─── GIVEN INFORMATION ───

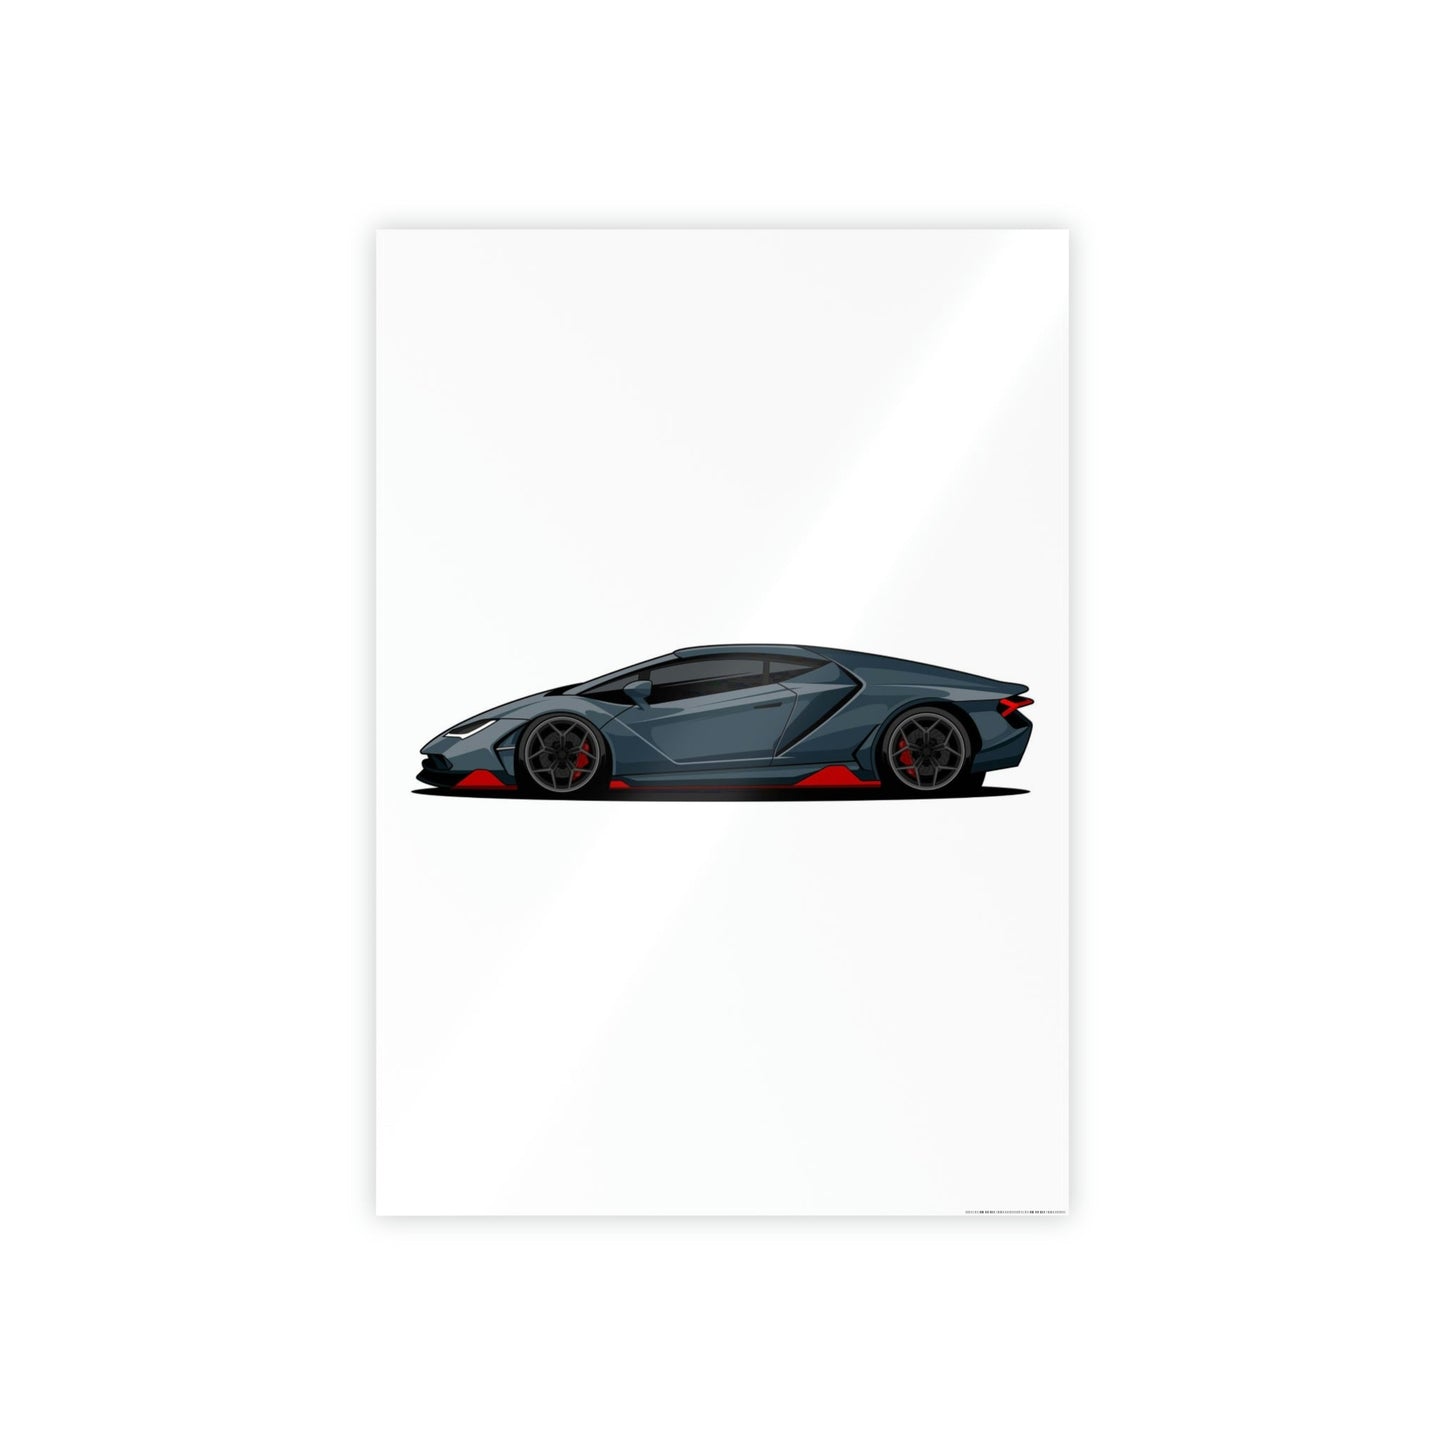 Dark Elegance: Black Lamborghini Framed Poster & Canvas for Wall Decor
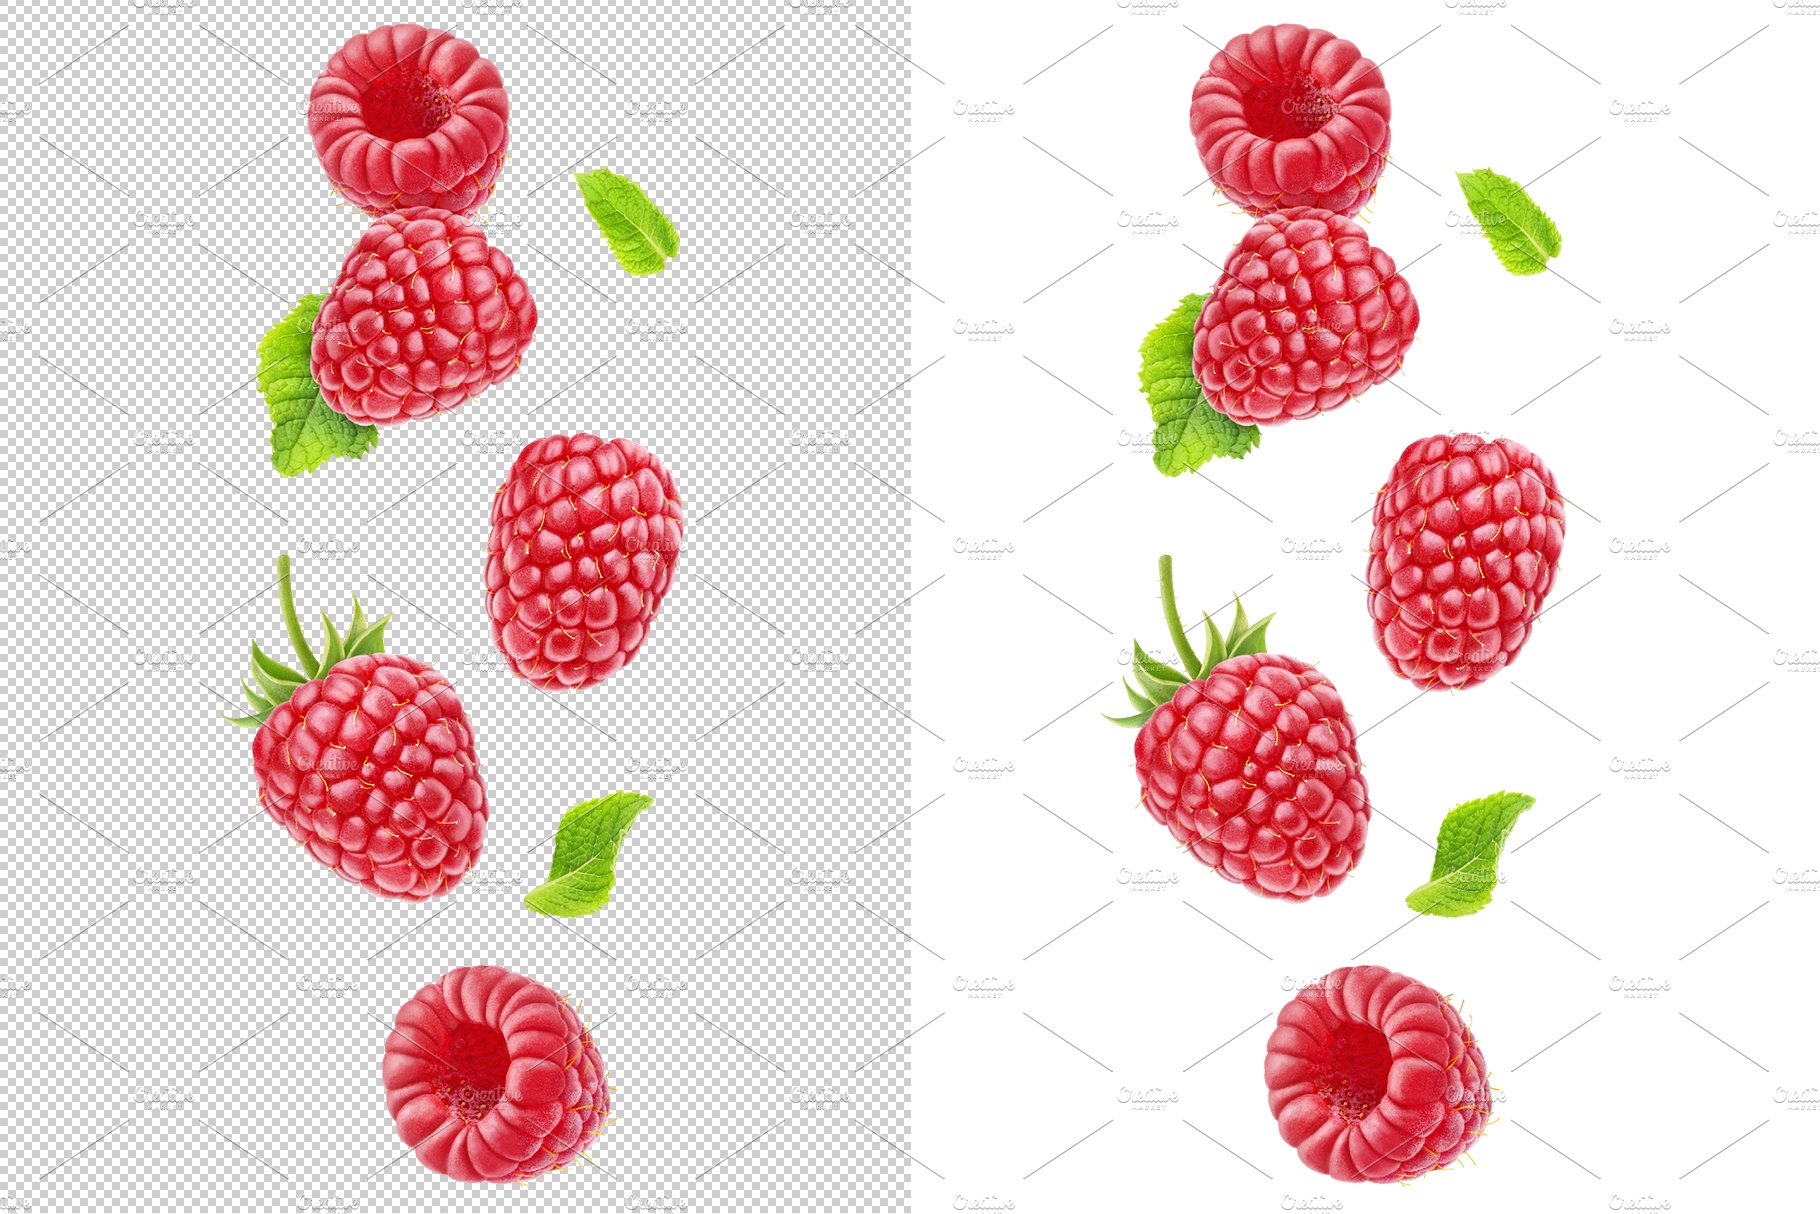 Falling raspberries cover image.
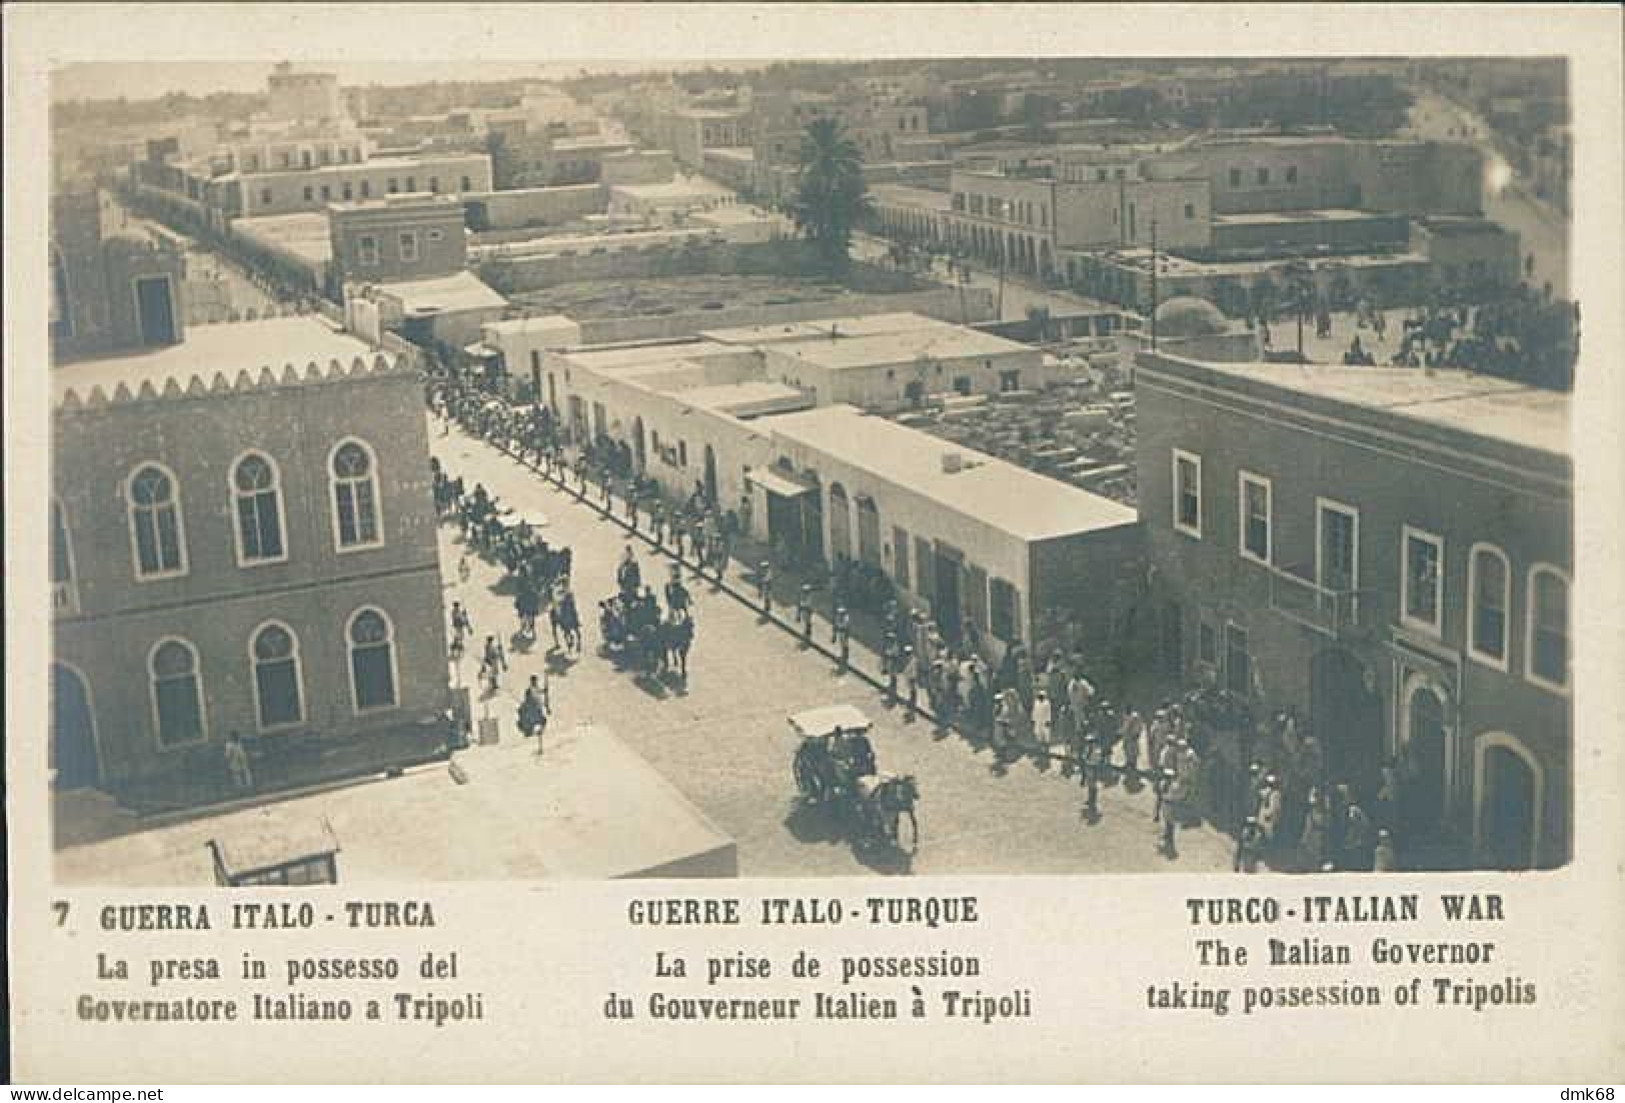 LIBYA / LIBIA - TURKEY / ITALY WAR - ITALIAN GOVERNOR TAKING POSSESSION OF TRIPOLI - RPPC POSTCARD 1910s (12595) - Libye
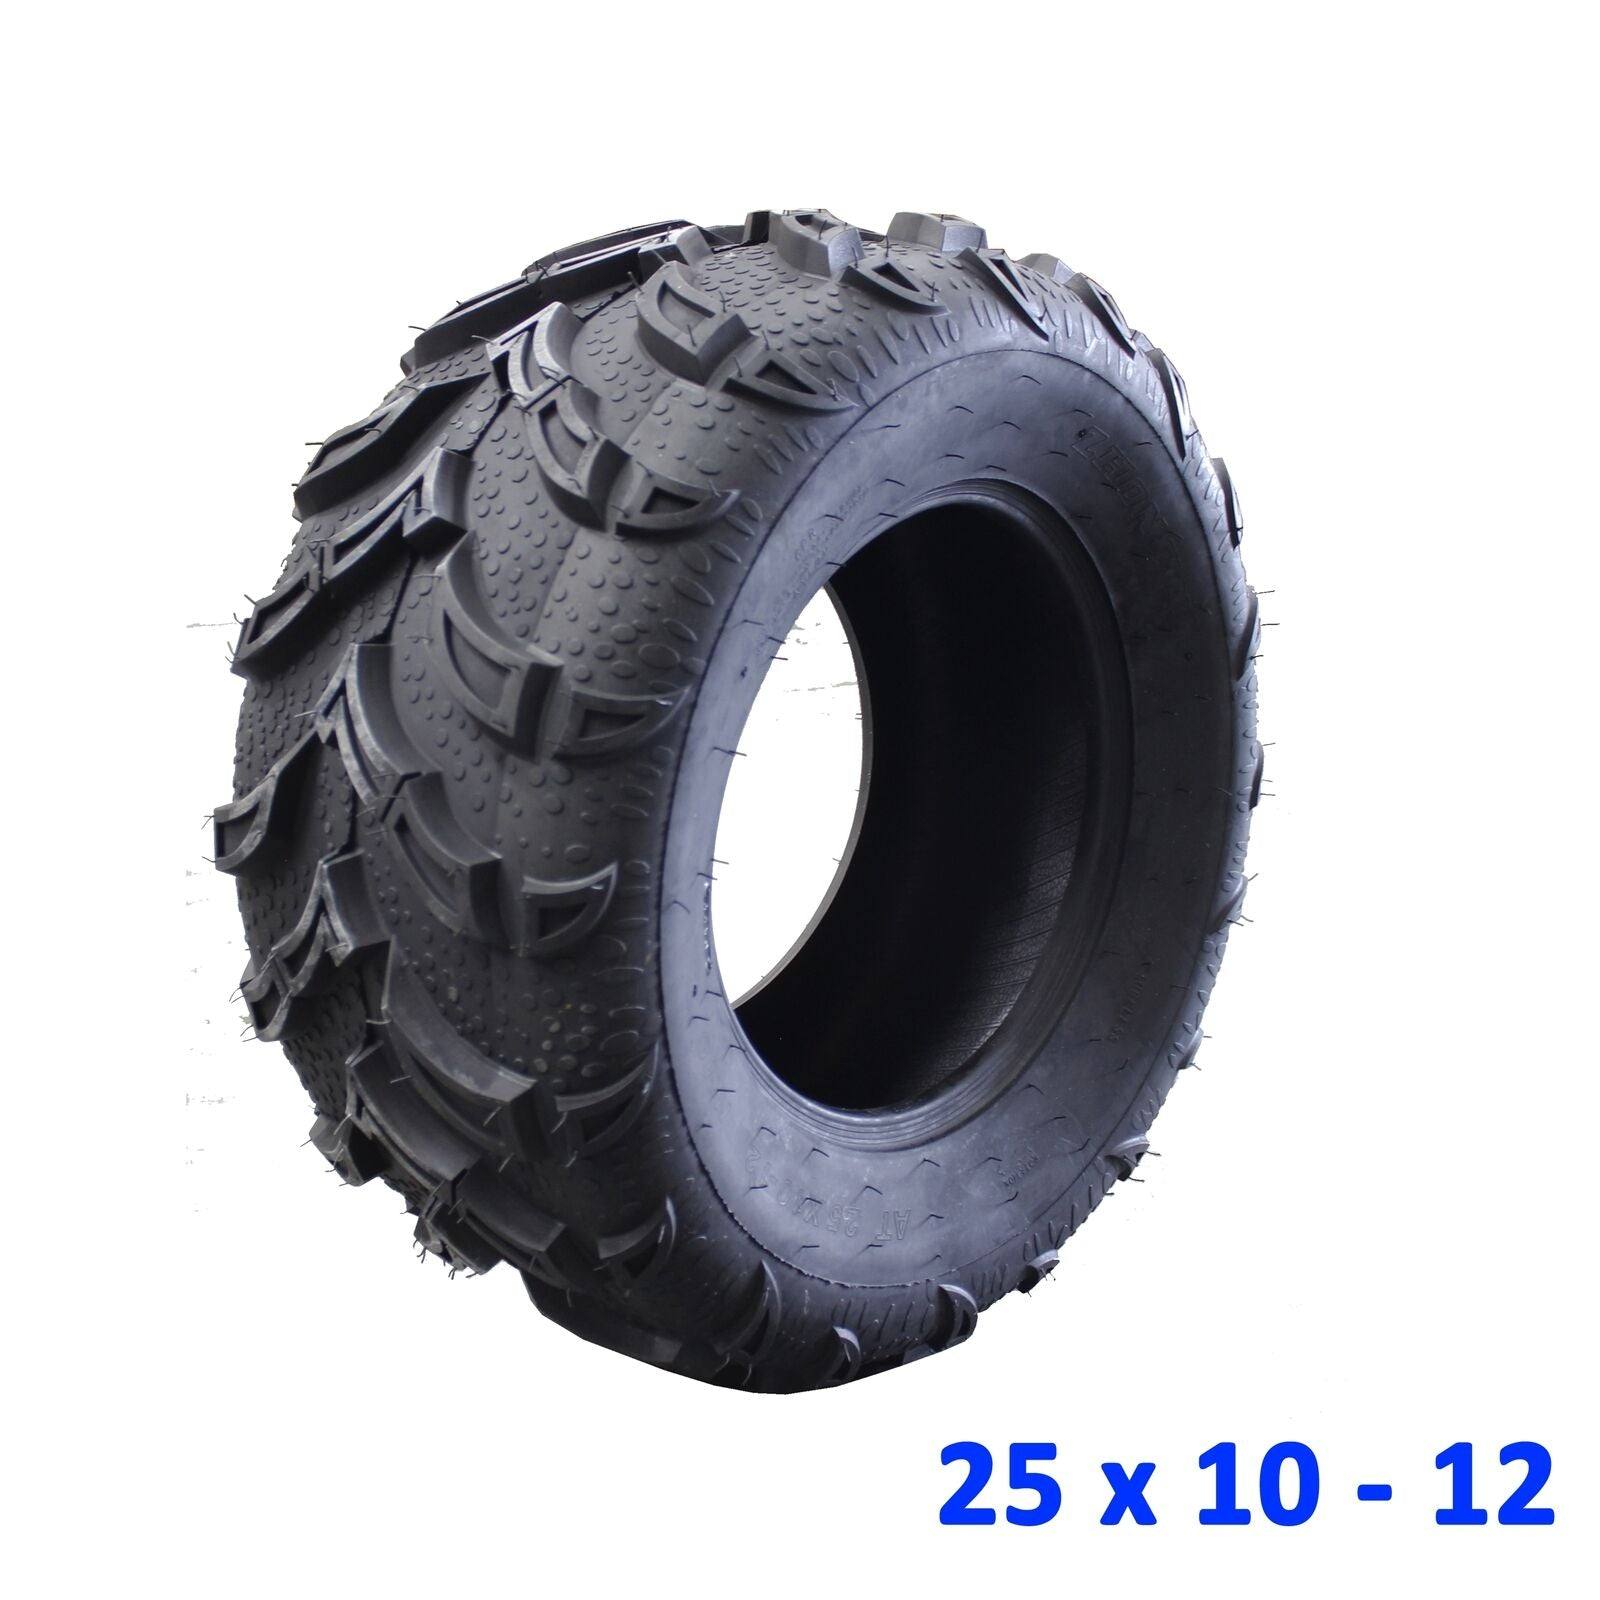 2pcs 25x8-12" & 2pcs 25x10-12" Tyres 6ply For Off Road Quad ATV Farm Dirt Bike - TDRMOTO

───

The answer should consist of every line above, exact and free of images.

 Dark Elegance: Black Lamborghini Framed Poster & Canvas for Wall Decor
 Falling raspberries cover image.
 LIBYA / LIBIA - TURKEY / ITALY WAR - ITALIAN GOVERNOR TAKING POSSESSION OF TRIPOLI - RPPC POSTCARD 1910s (12595) - Libye
 2pcs 25x8-12" & 2pcs 25x10-12" Tyres 6ply For Off Road Quad ATV Farm Dirt Bike - TDRMOTO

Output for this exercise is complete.